[[ Dataset extract, beginning ]]

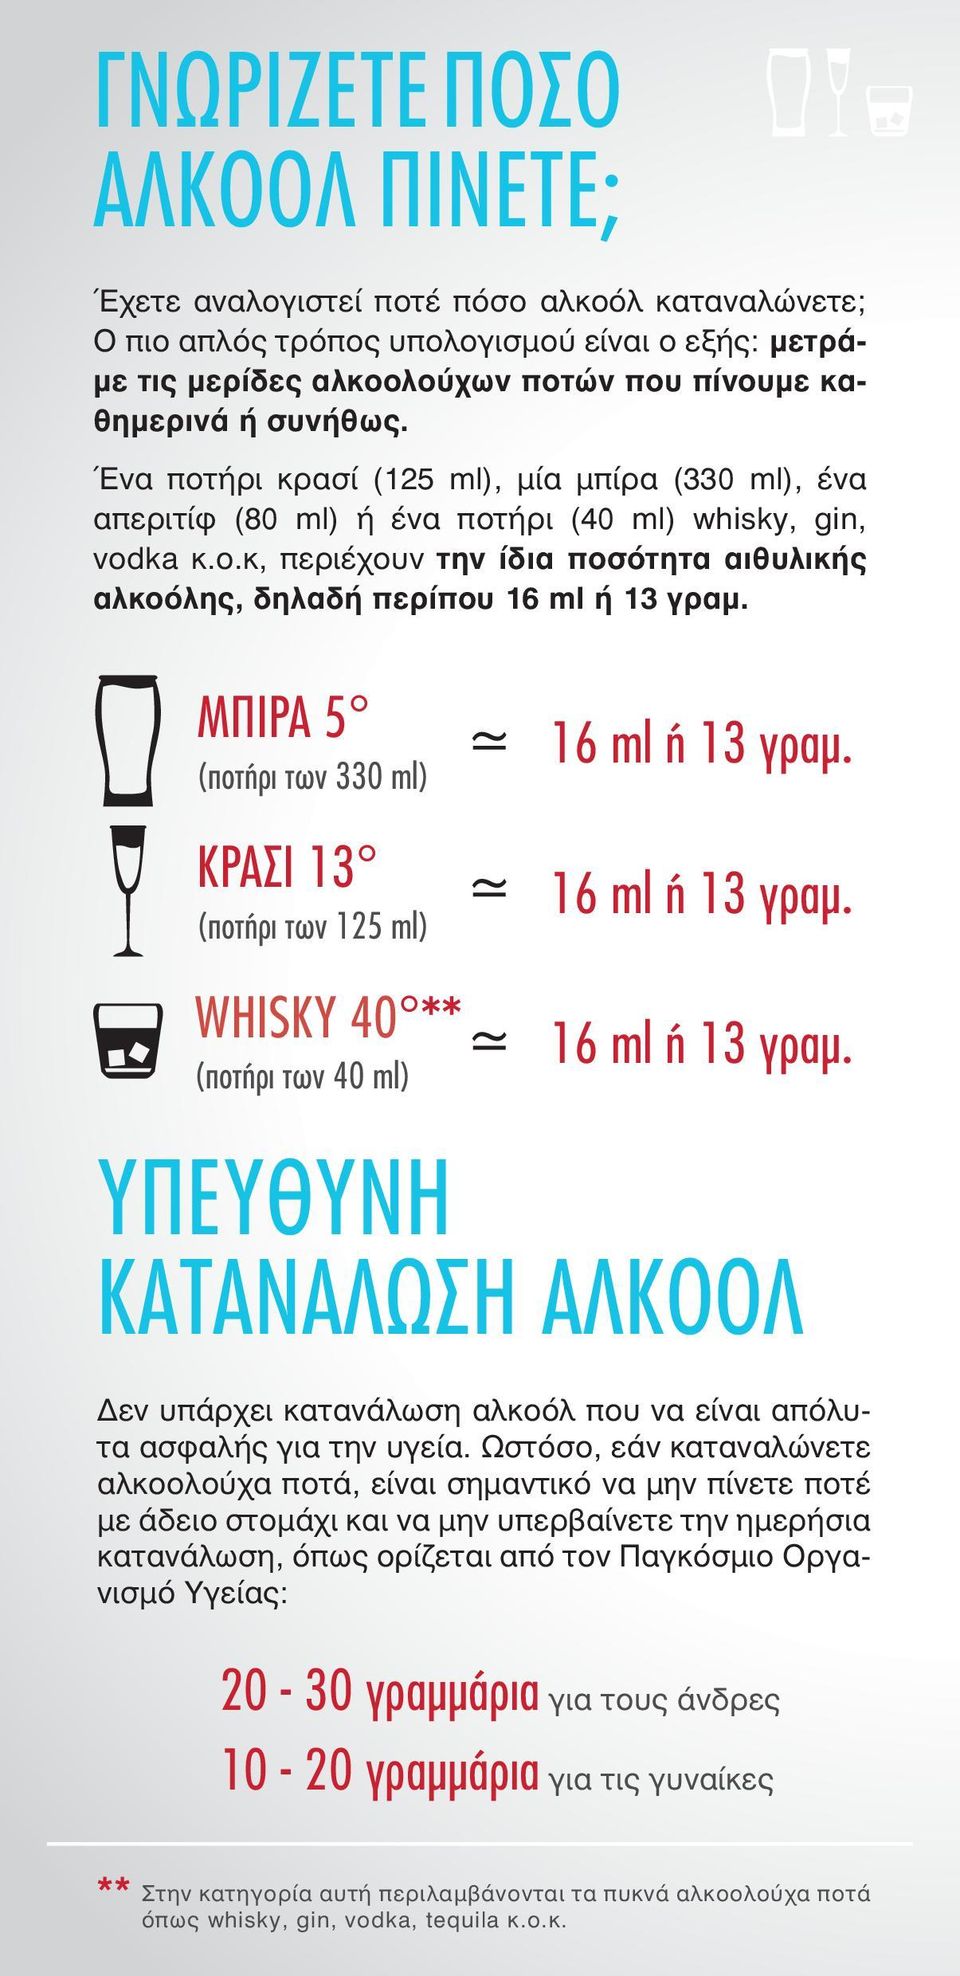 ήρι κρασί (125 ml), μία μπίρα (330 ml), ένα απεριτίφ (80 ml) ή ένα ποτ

[[ Dataset extract, end ]]
[[ Dataset extract, beginning ]]

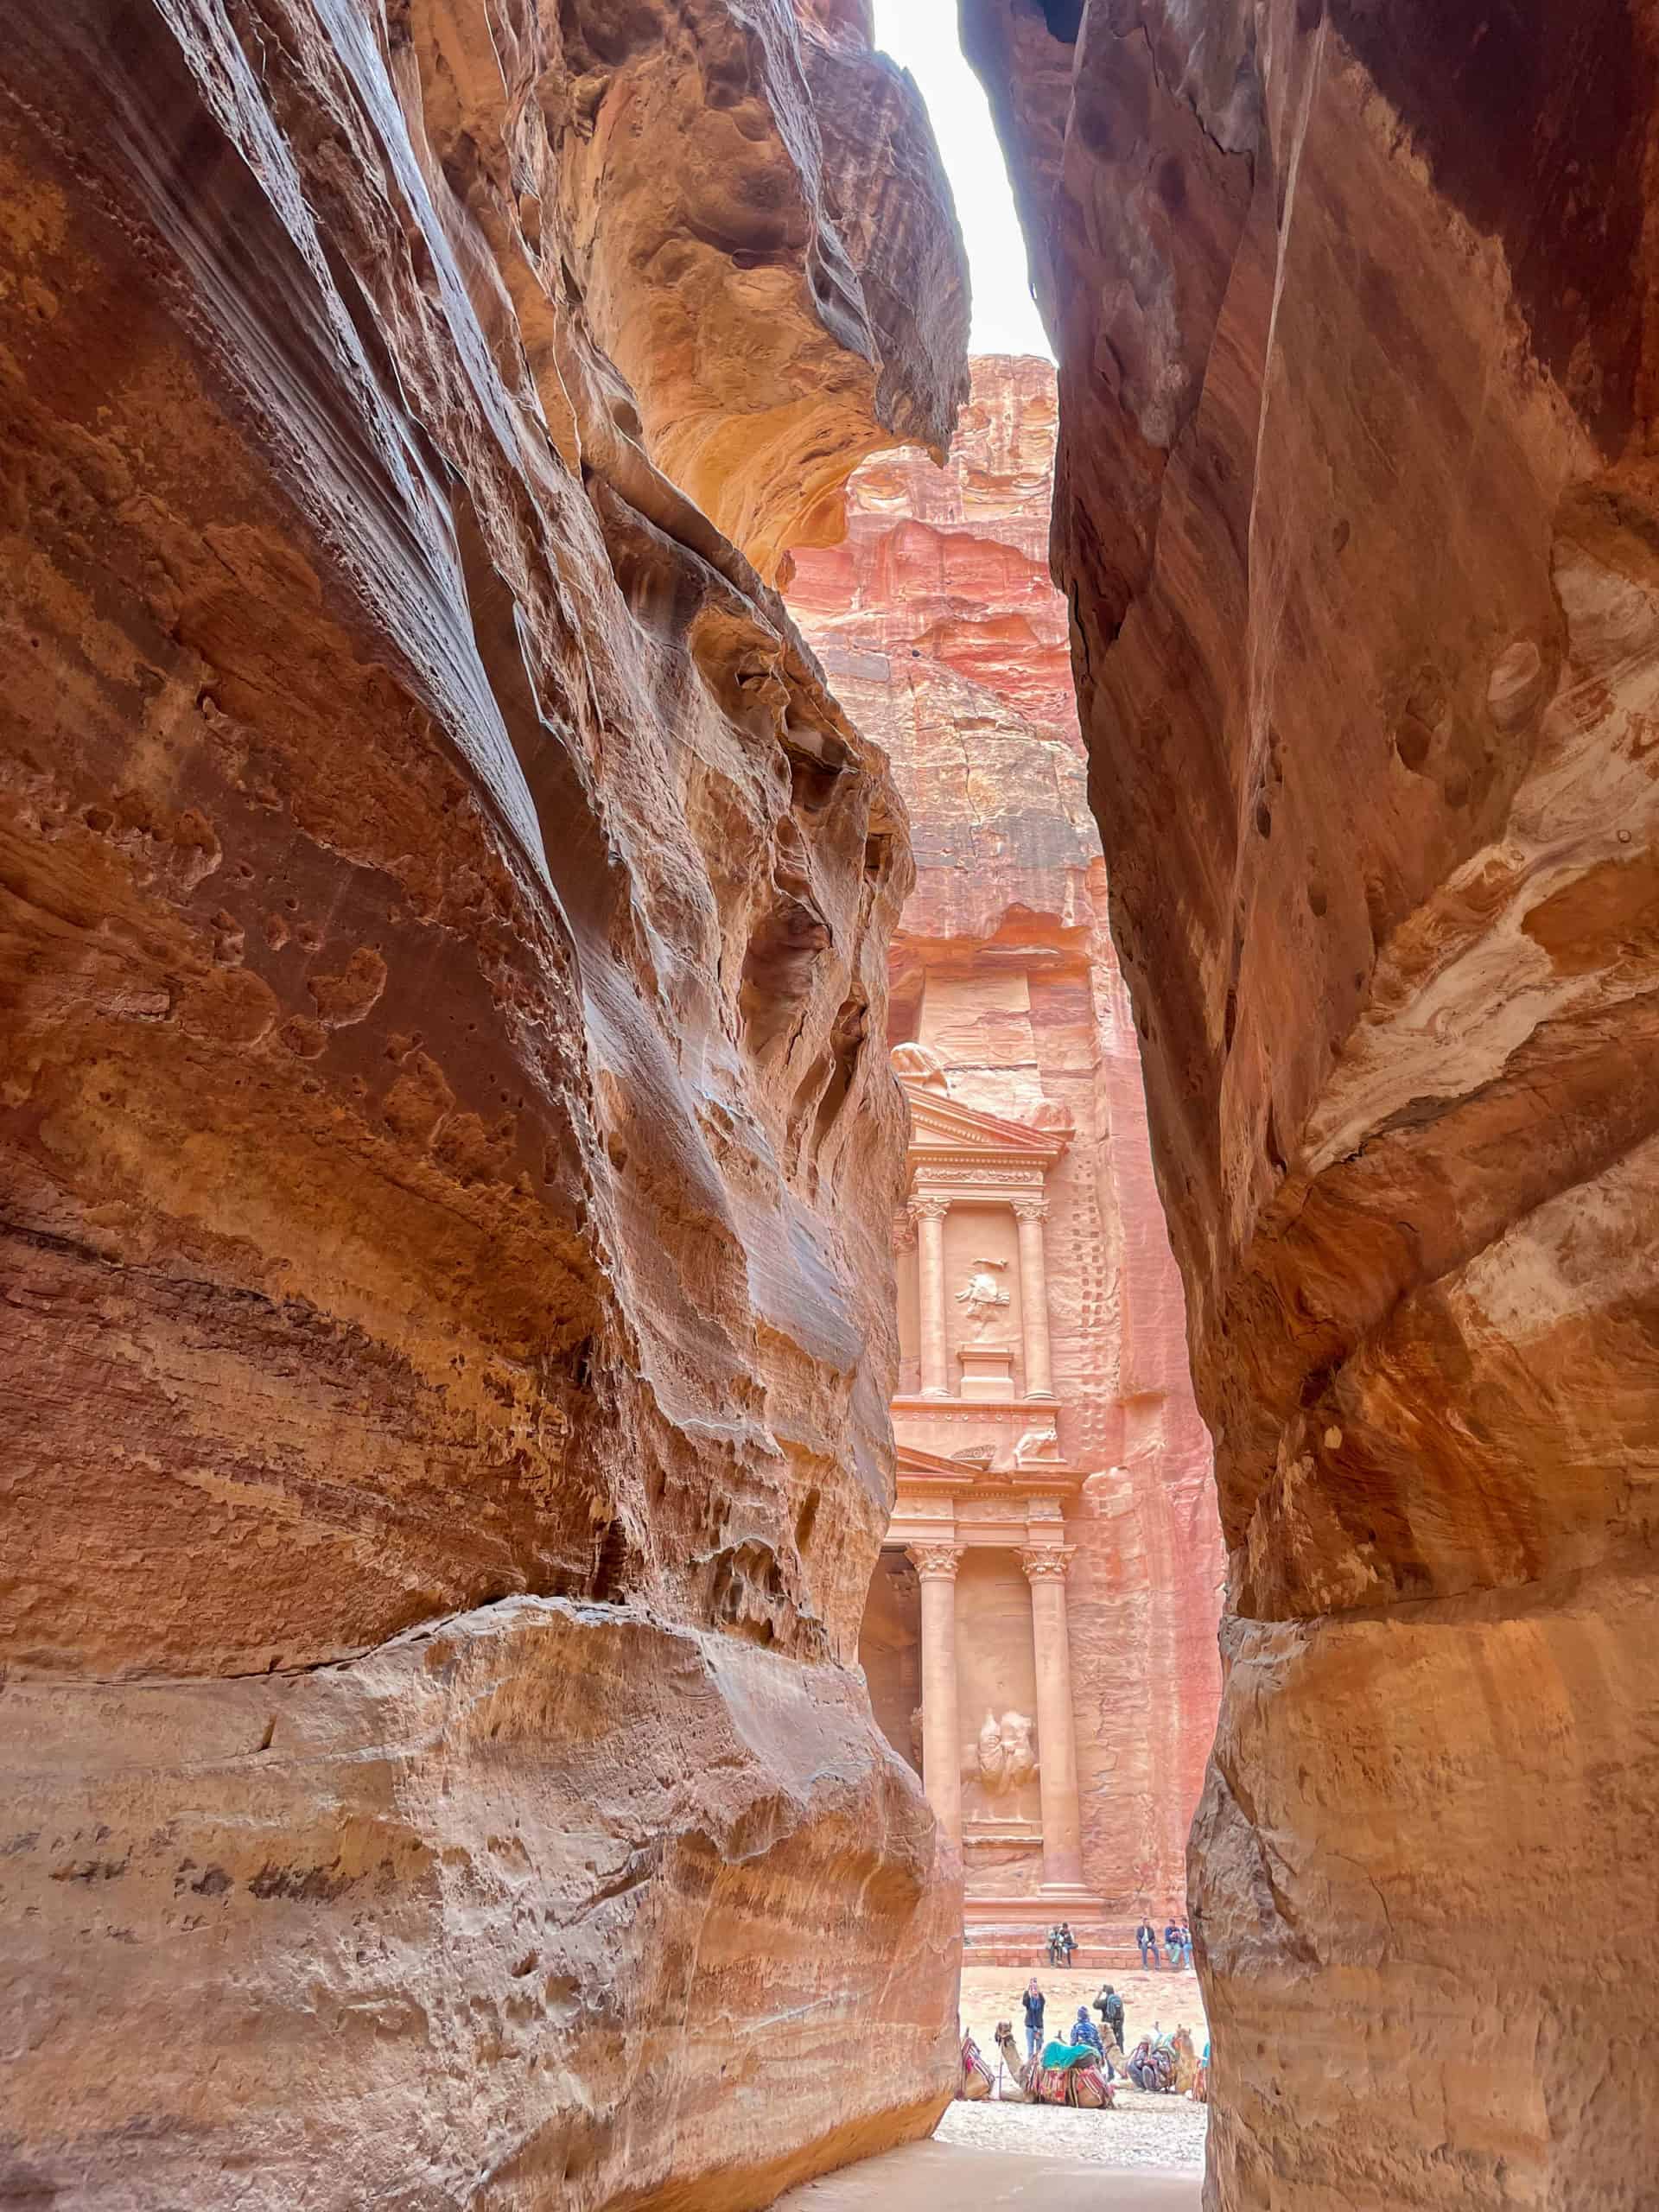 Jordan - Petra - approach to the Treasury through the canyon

[[ Dataset extract, end ]]
[[ Dataset extract, beginning ]]

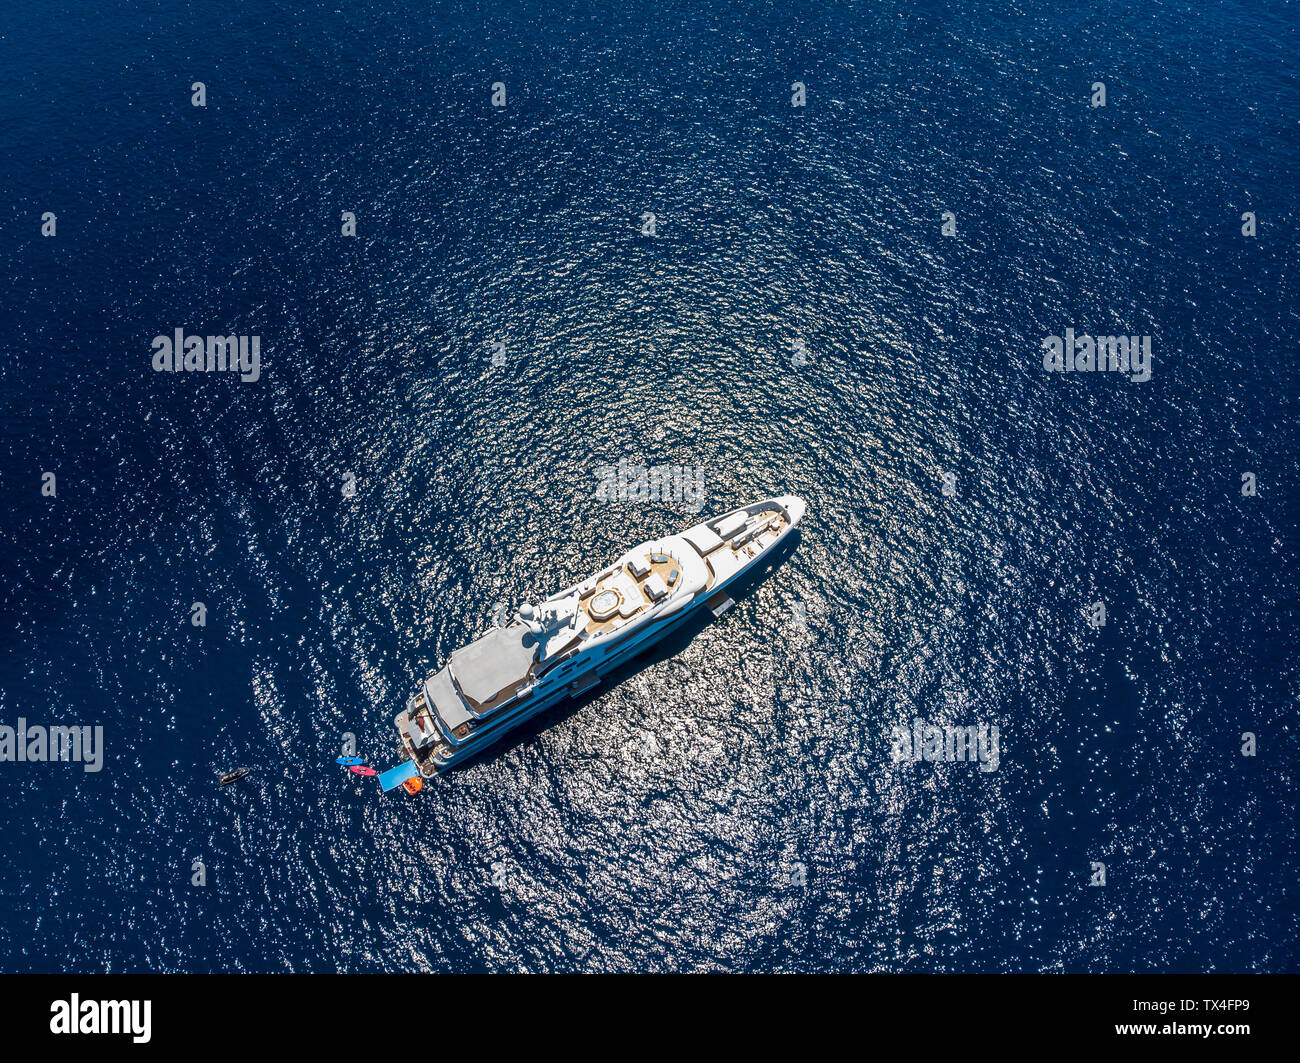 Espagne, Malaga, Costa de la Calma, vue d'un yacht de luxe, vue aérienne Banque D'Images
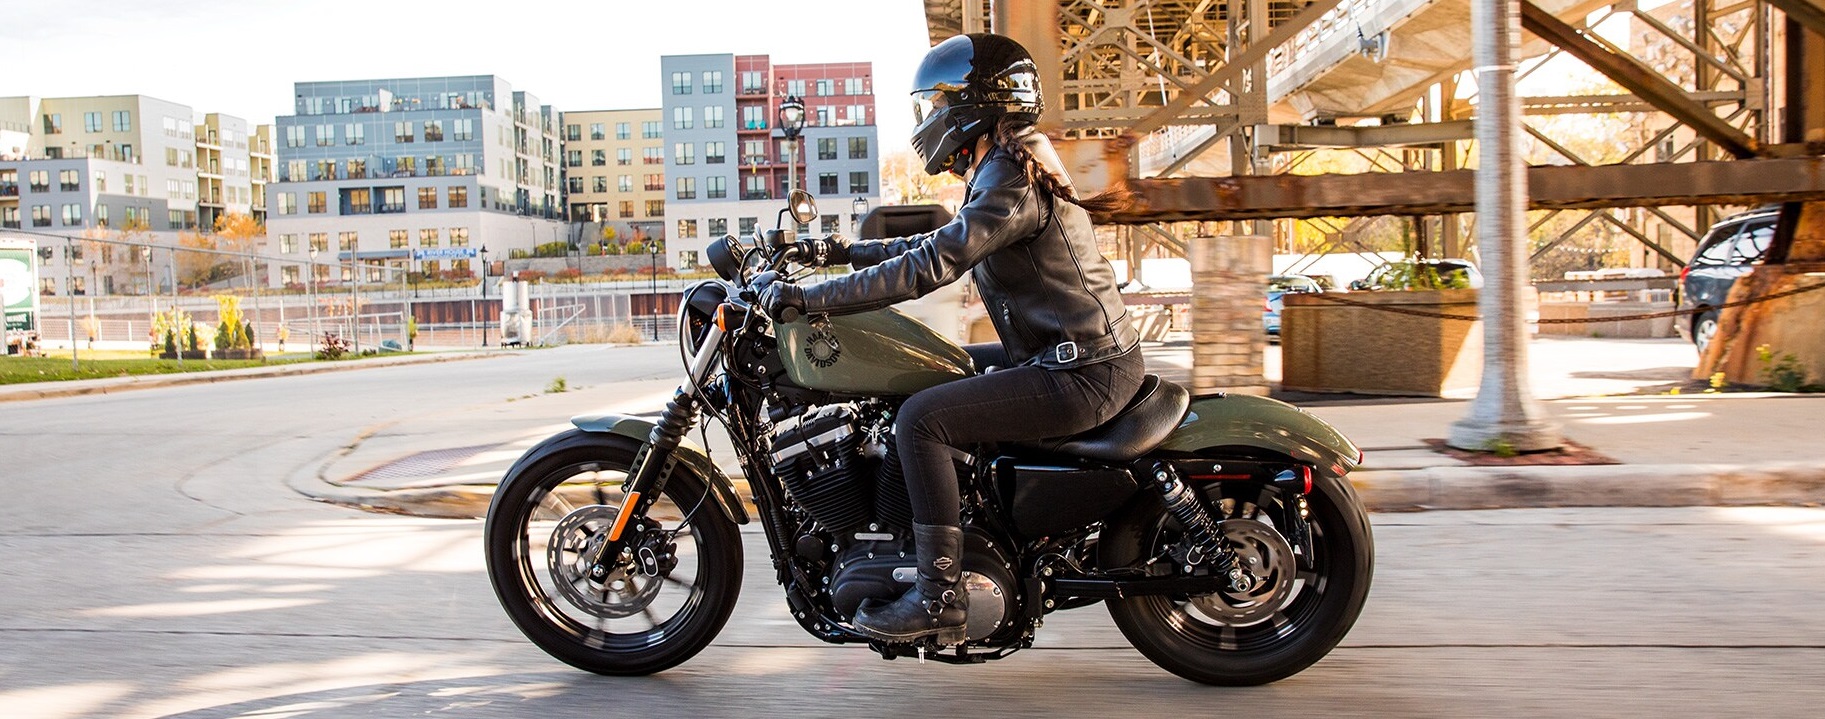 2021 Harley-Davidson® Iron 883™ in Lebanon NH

[[ Dataset extract, end ]]

How to complete this task: Although pictures appear among the records above, none are to be output; print exactly the lines from the line containing "Espagne, Malaga, Costa" through the line containing "2021 Harley-Davidson® Iron".

Response area:
 Espagne, Malaga, Costa de la Calma, vue d'un yacht de luxe, vue aérienne Banque D'Images
 2021 Harley-Davidson® Iron 883™ in Lebanon NH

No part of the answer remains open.